Но те первые два года без сна, когда приходилось не спать с ним, смотреть, как поднимается и опускается его крошечная грудная клетка. Следить за каждым вздохом. Это было проклятое время.
Но ребёнок рос и превратился в маленького мальчика, любящего бездомную собаку, которую назвал "Кудряш". Мальчиком, который откликался на "Ник" только потому, что "Николай" был слишком длинным, если только ты не сердилась.
Мальчик, которому вечно не нравилась его стрижка, который никогда не хотел мыть руки, а потом жаловался, когда болел каждый год. Мальчик, который был несносным, но которому удавалось вызвать искреннюю улыбку на твоём лице.
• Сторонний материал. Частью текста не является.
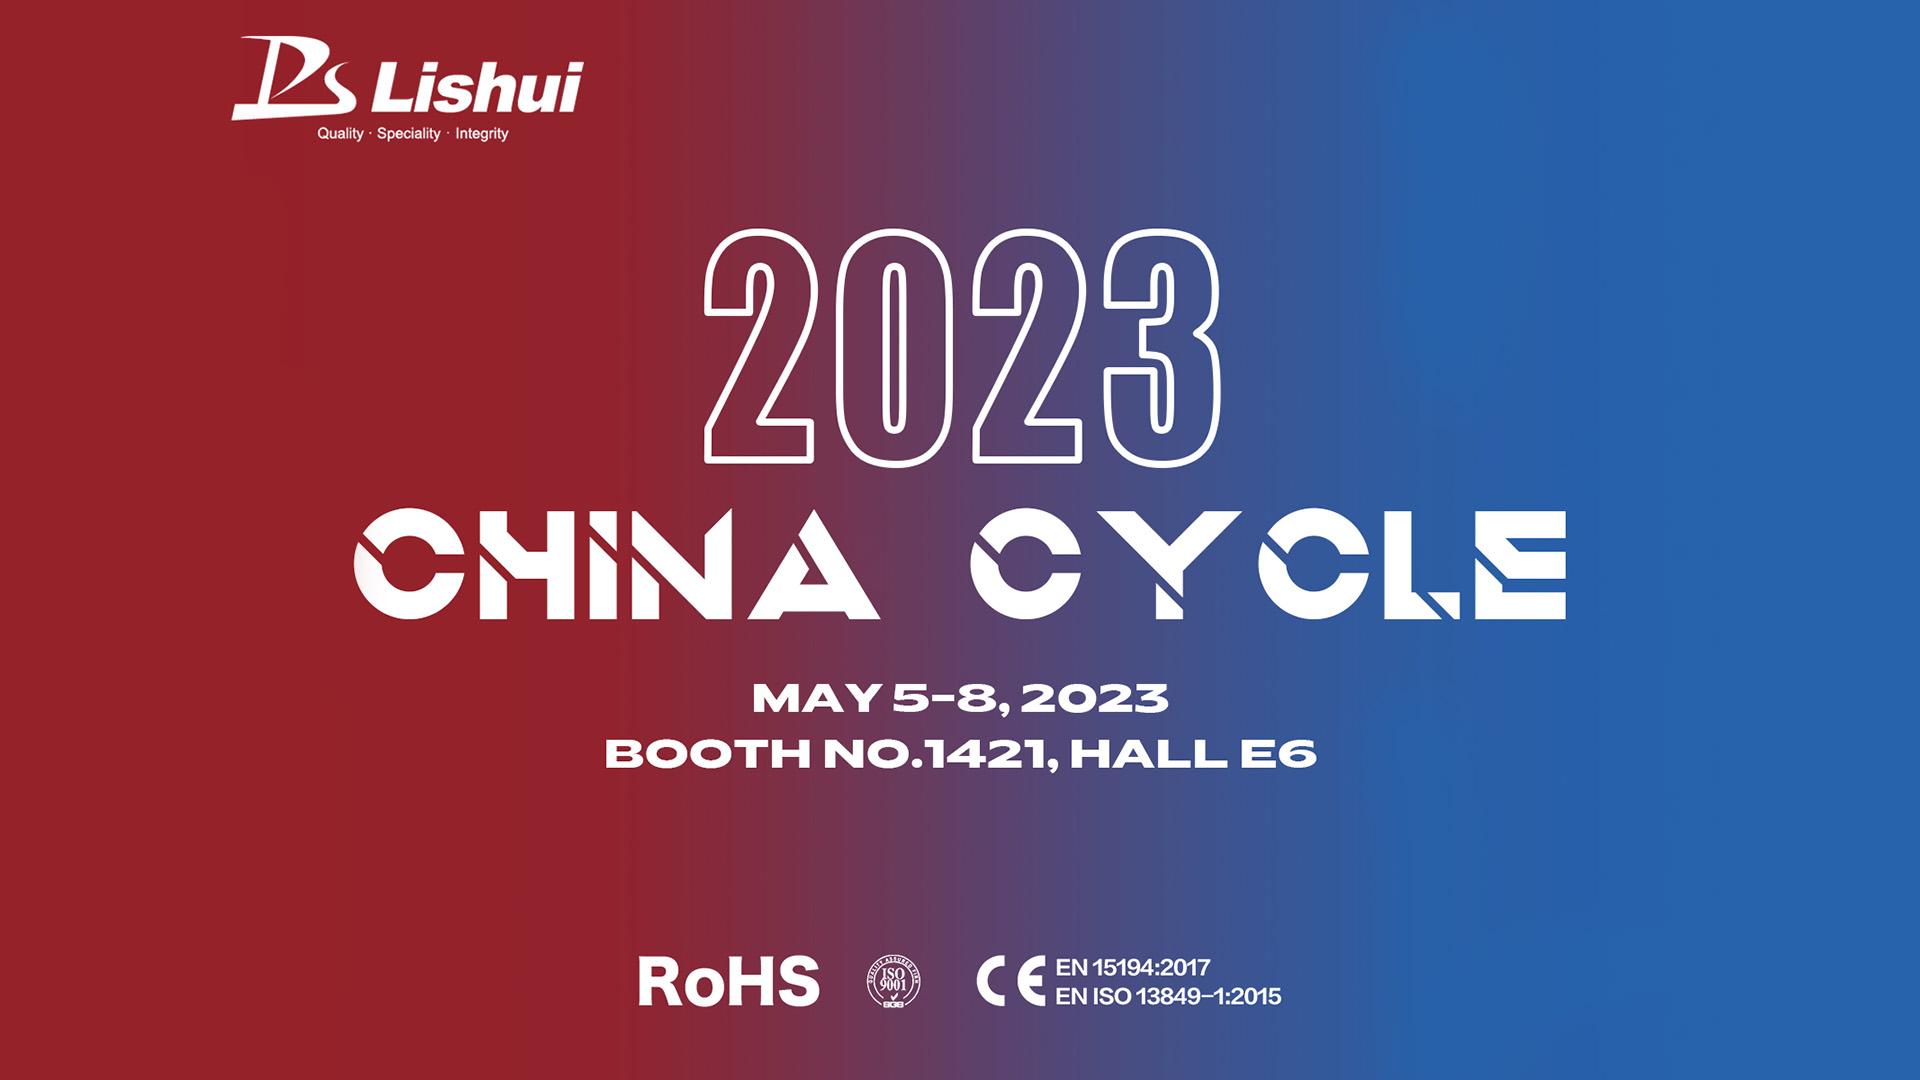 Lishui China Cycle

А годы шли, текли как тоненький ручей: медленно, мучительно, с привкусом горечи во рту. Каждый год, каждый месяц, каждая секунда. Как гвозди на меловой доске, эти воспоминания самые чёткие и острые.
Свет проникал сквозь белые занавески, озаряя голубые и розовые украшения, которыми была украшена комната. Утро было ранним, слишком ранним для многих из них, но он всегда просыпался вместе с солнцем.
Его маленькое хрупкое тело было свёрнуто калачиком и укутано несколькими тонкими одеялами. В больницах всегда было холодно, но в этой было холоднее всего, а воздух напоминал о суровой зиме.
— Это несправедливо! — воскликнул Николай, его голос был истощён от усталости. — Боже, как я ненавижу этот холод!
Ты хихикнула, проведя большим пальцем по его щеке, когда он положил голову тебе на грудь.
— Я не хочу умирать от холода.
Когда его голос становился ещё тише, твоё сердце обрывалось. Злость поднималась в горле каждый раз, когда вам напоминали о жестокой реальности. Каждый раз, когда в палату заходил врач, каждый хрип после лечения, каждый из этих разговоров.
И после каждого напоминания тебе приходилось глотать эту злость, как таблетку только для того, чтобы почувствовать, как она застревает в груди. Ты пыталась возразить, заверить его, что всё изменится, что в конце концов ему станет лучше. Но вы оба знали, что это ложь. Оба знали...
С каждым днём он становился всё слабее, переставая реагировать на лечение. Вы знали, что происходит, но всё равно боролись за то, чтобы не поверить в это. Это была слишком большая таблетка.
Монотонное биение твоего сердца быстро успокоило Николая, а его медленное и неглубокое дыхание привлекло тебя. Ты прижалась к нему так близко, как только могла, словно пыталась раствориться в нём, поцеловала макушку, а затем приложила к ней свою щёку.
Он был таким маленьким, таким хрупким, но это была слишком большая таблетка, чтобы её проглотить. Николай приоткрыл глаза, и весёлый солнечный свет заиграл на его лице, словно это было приветствие. Это была одна из тех немногих вещей, которые всё ещё заставляли его улыбаться.
— Привет, — прошептал Коля, сжимая одеяло, чтобы поплотнее прижаться к нему. Казалось, что дни становились короче, хотя световой день только начал увеличиваться, но простота уже не была такой простой. Последние дни жизни пролетали незаметно.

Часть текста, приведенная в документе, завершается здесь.